## WORK INSTRUCTIONS
Once the line with "Seicane 9 Inch" is found, repeat it and all later lines exactly through the end of the listing below, with the pictures left out.

(Beginning of GIVEN MATERIAL)

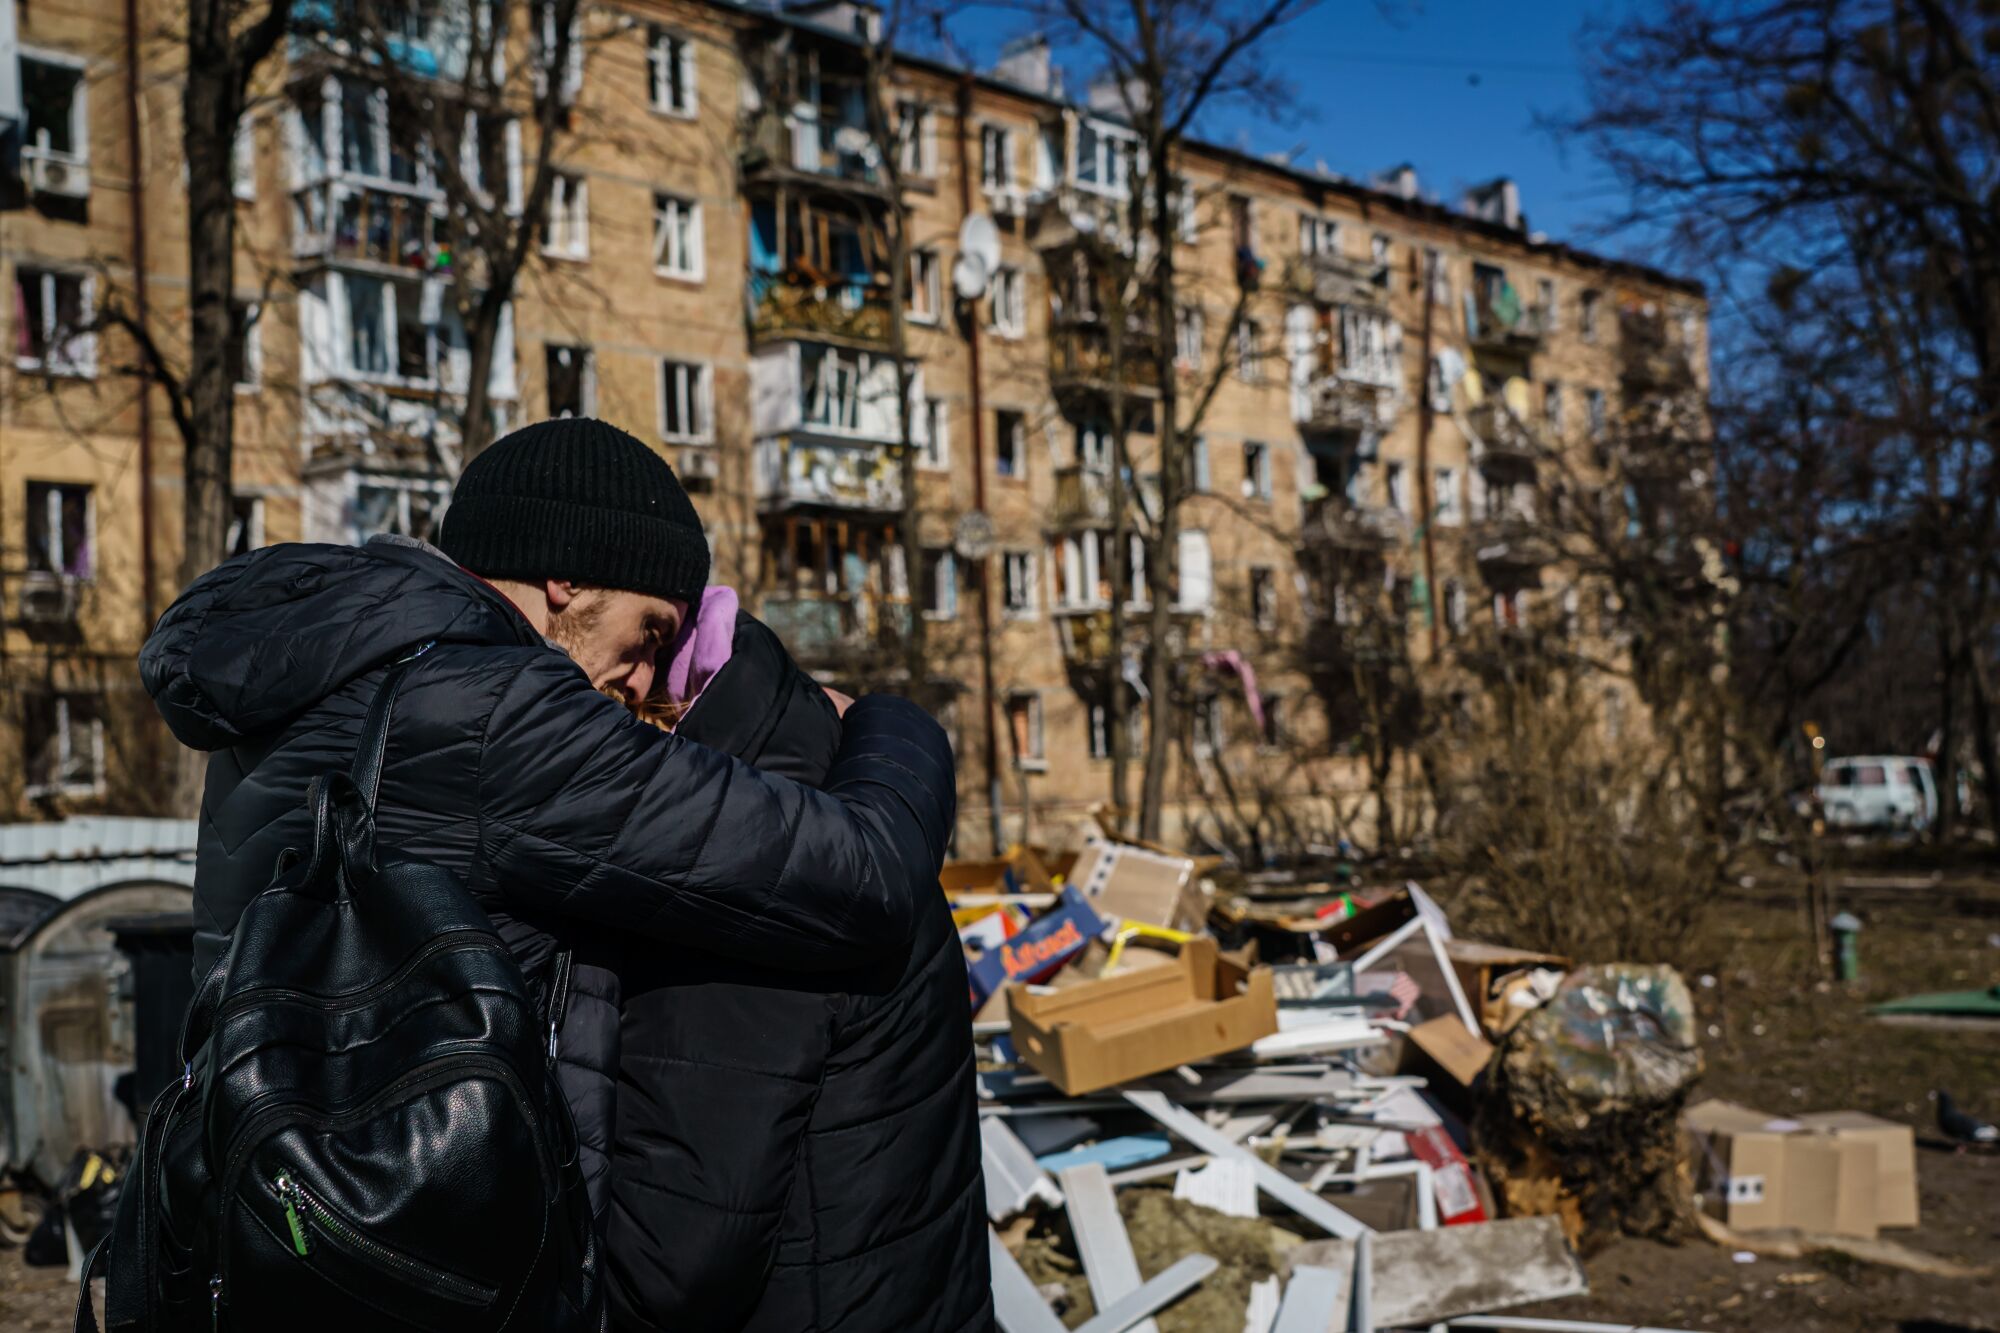 Evheniy Nikolin, left, consoles Evheniya Horho, after a residential area was attacked in Kyiv, Ukraine.
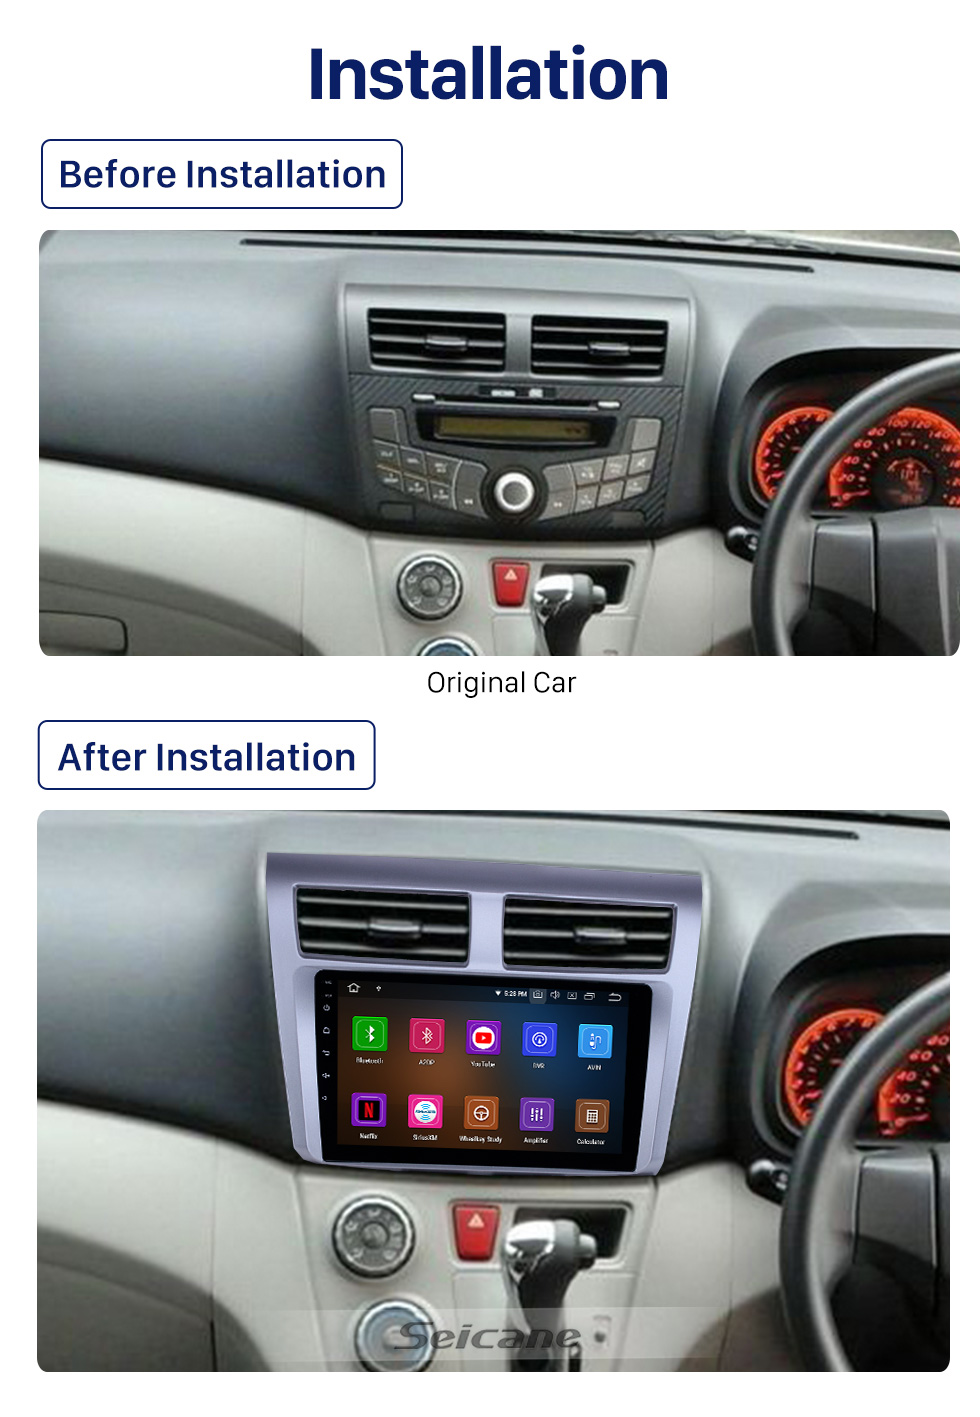 Seicane 9 Inch HD Touchscreen for 2012-2014 PROTON MYVI Autoradio Car DVD Player Upgrade Support Steering Wheel Control
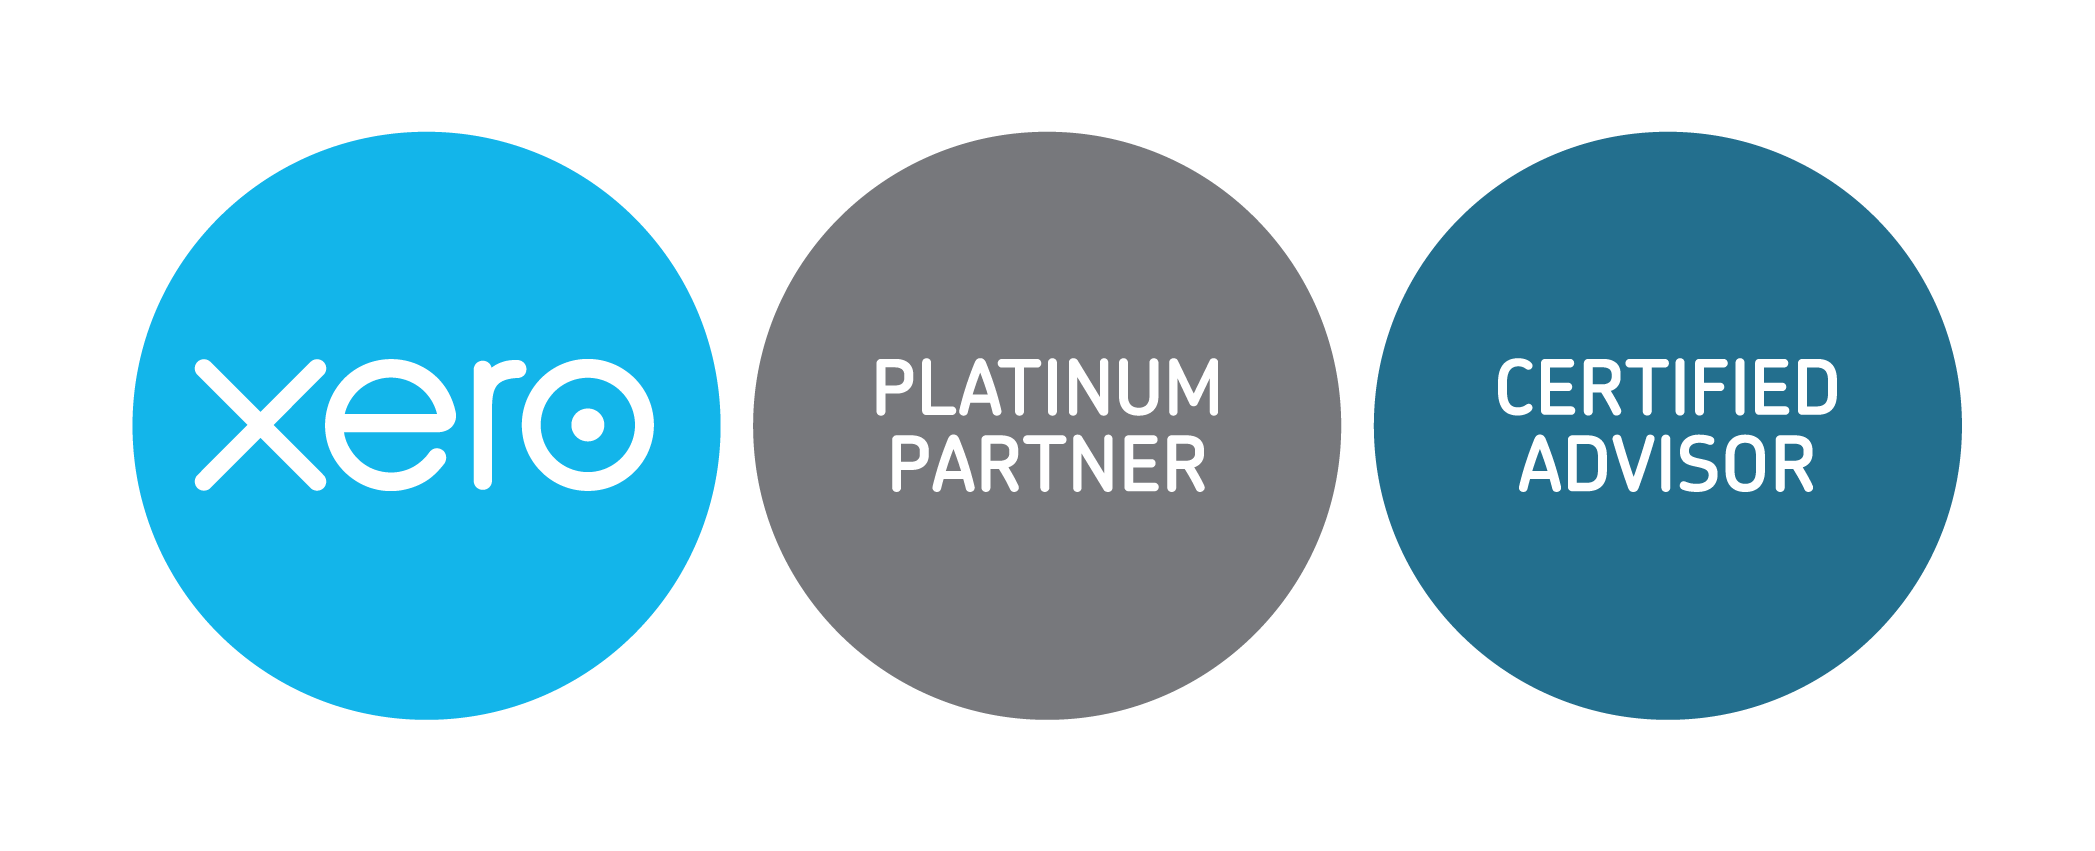 xero platinum partner logo and certified advisor badge
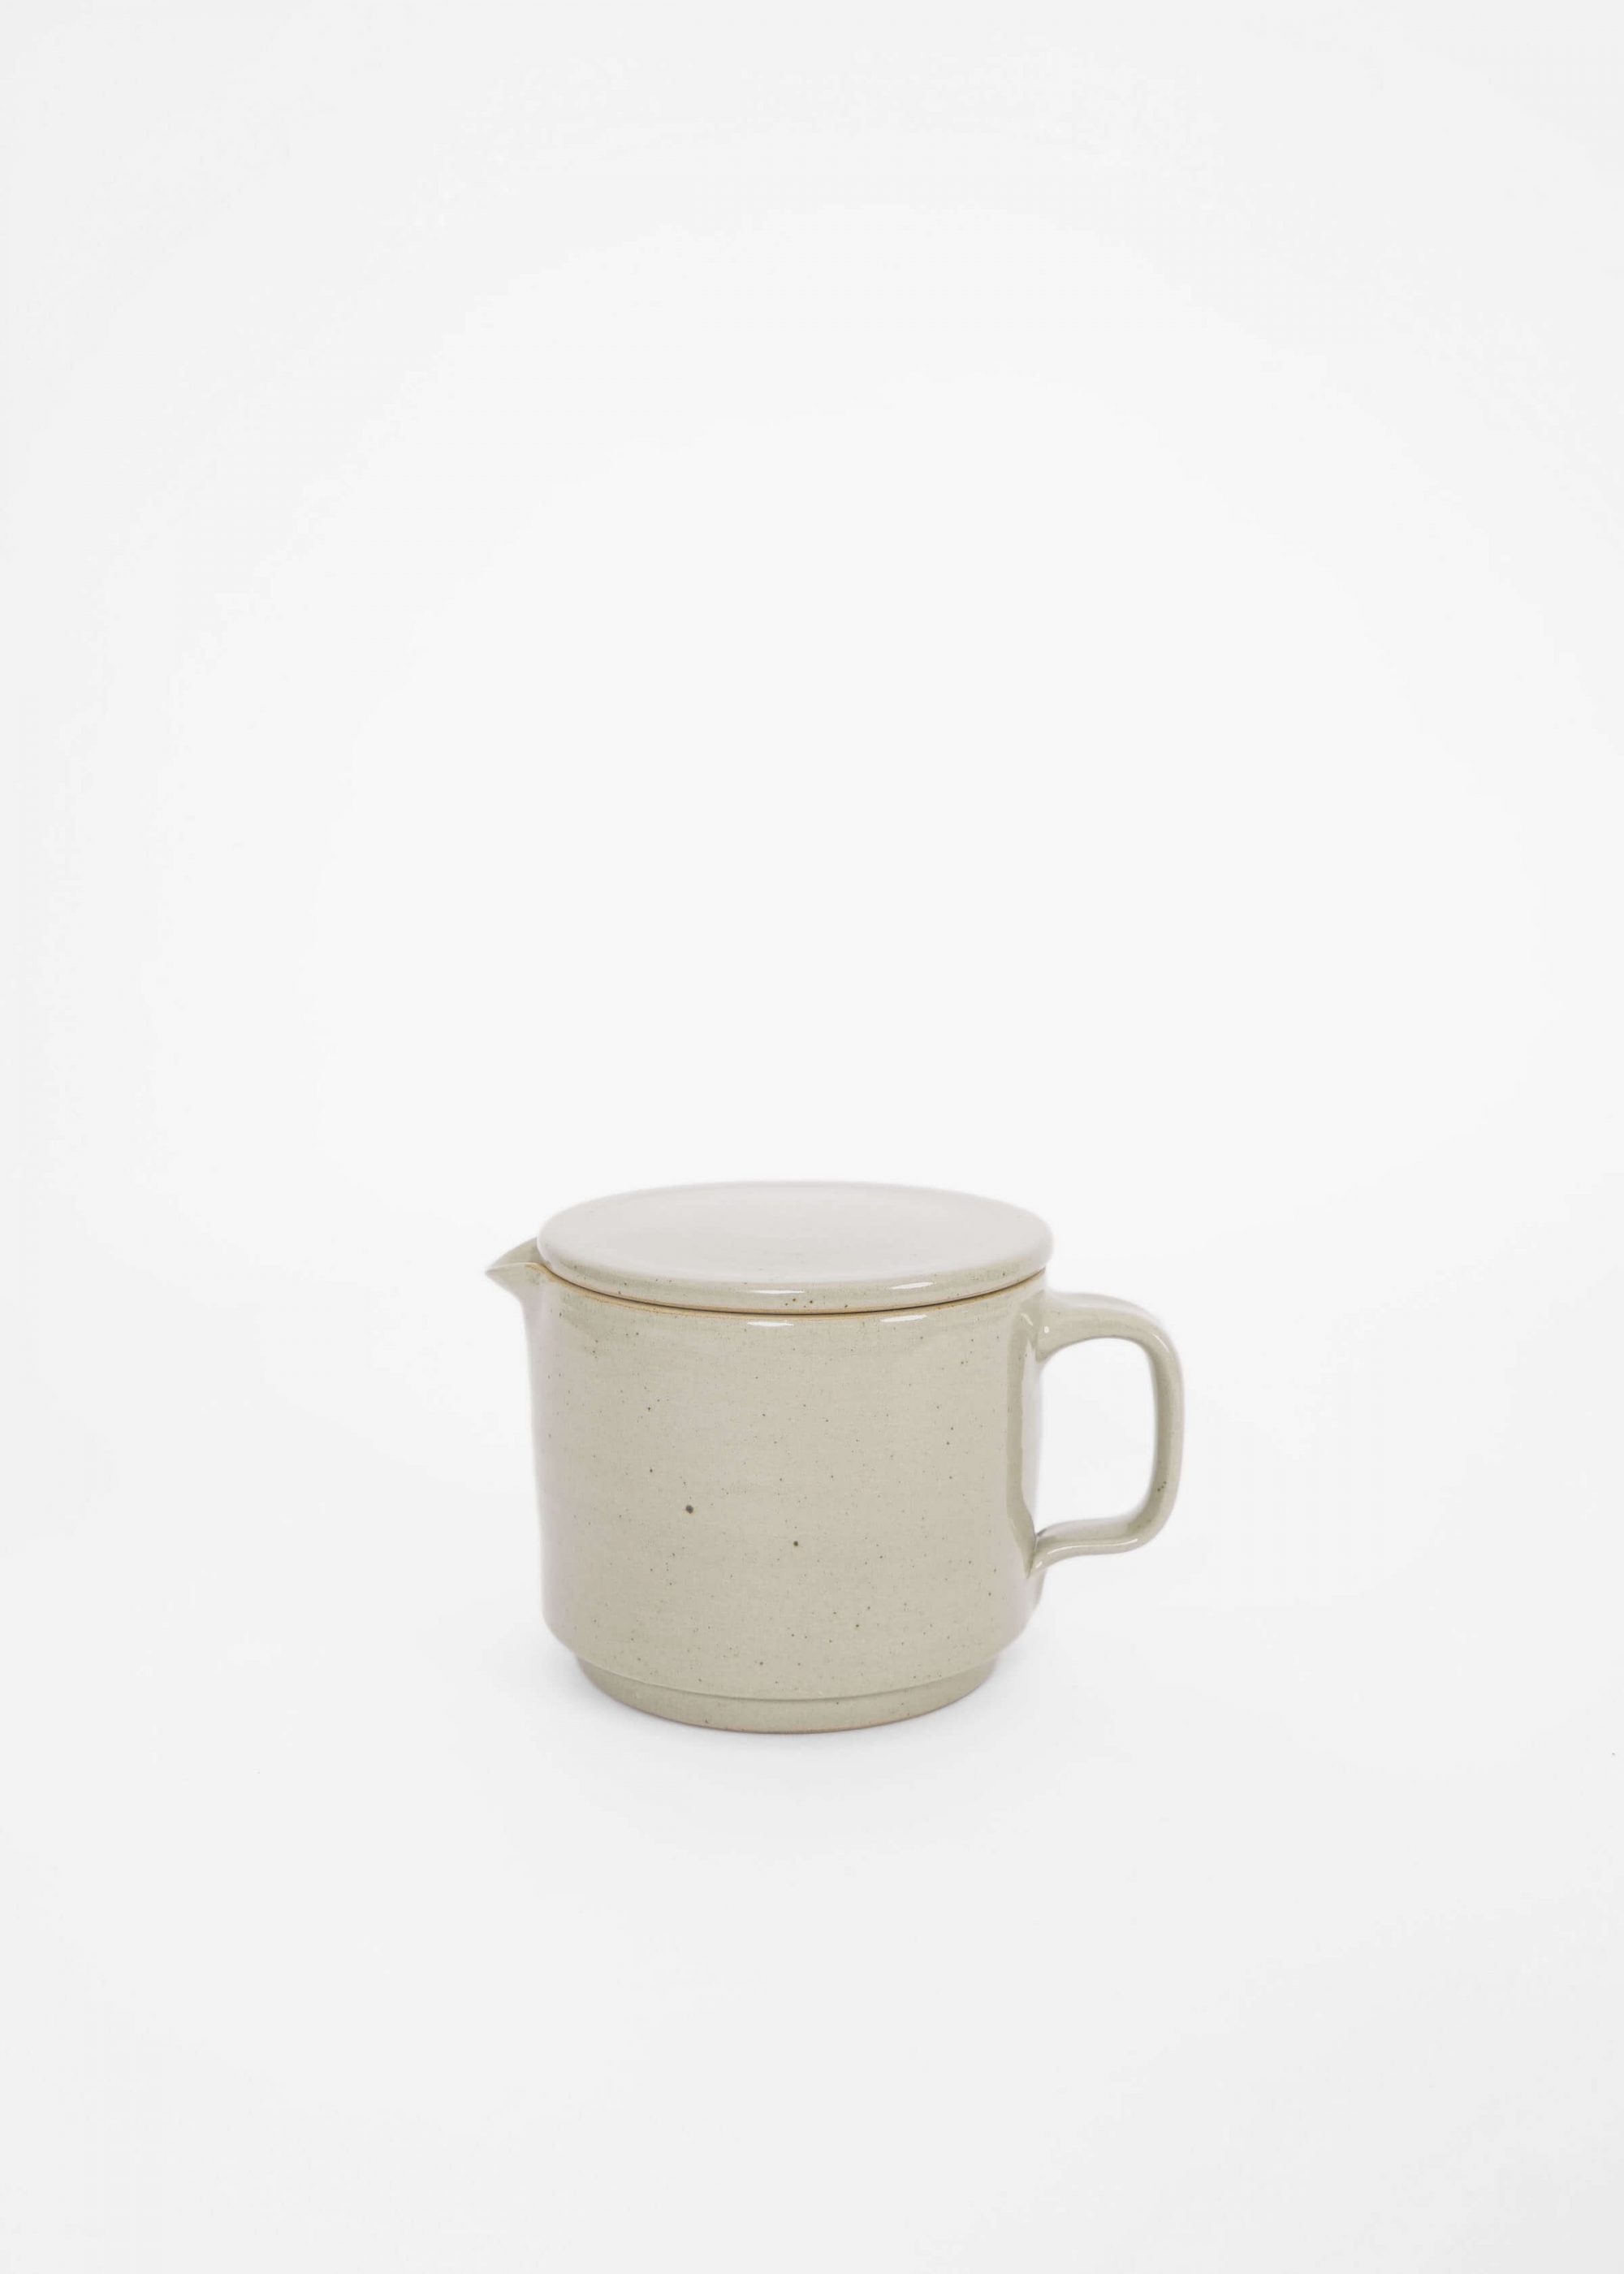 Product image for »Brutal« Grey Teapot 1.5 litre | Genuine Stoneware Ceramic

(End of GIVEN MATERIAL)

## YOUR RESPONSE
 Seicane 9 Inch HD Touchscreen for 2012-2014 PROTON MYVI Autoradio Car DVD Player Upgrade Support Steering Wheel Control
 xero platinum partner logo and certified advisor badge
 Product image for »Brutal« Grey Teapot 1.5 litre | Genuine Stoneware Ceramic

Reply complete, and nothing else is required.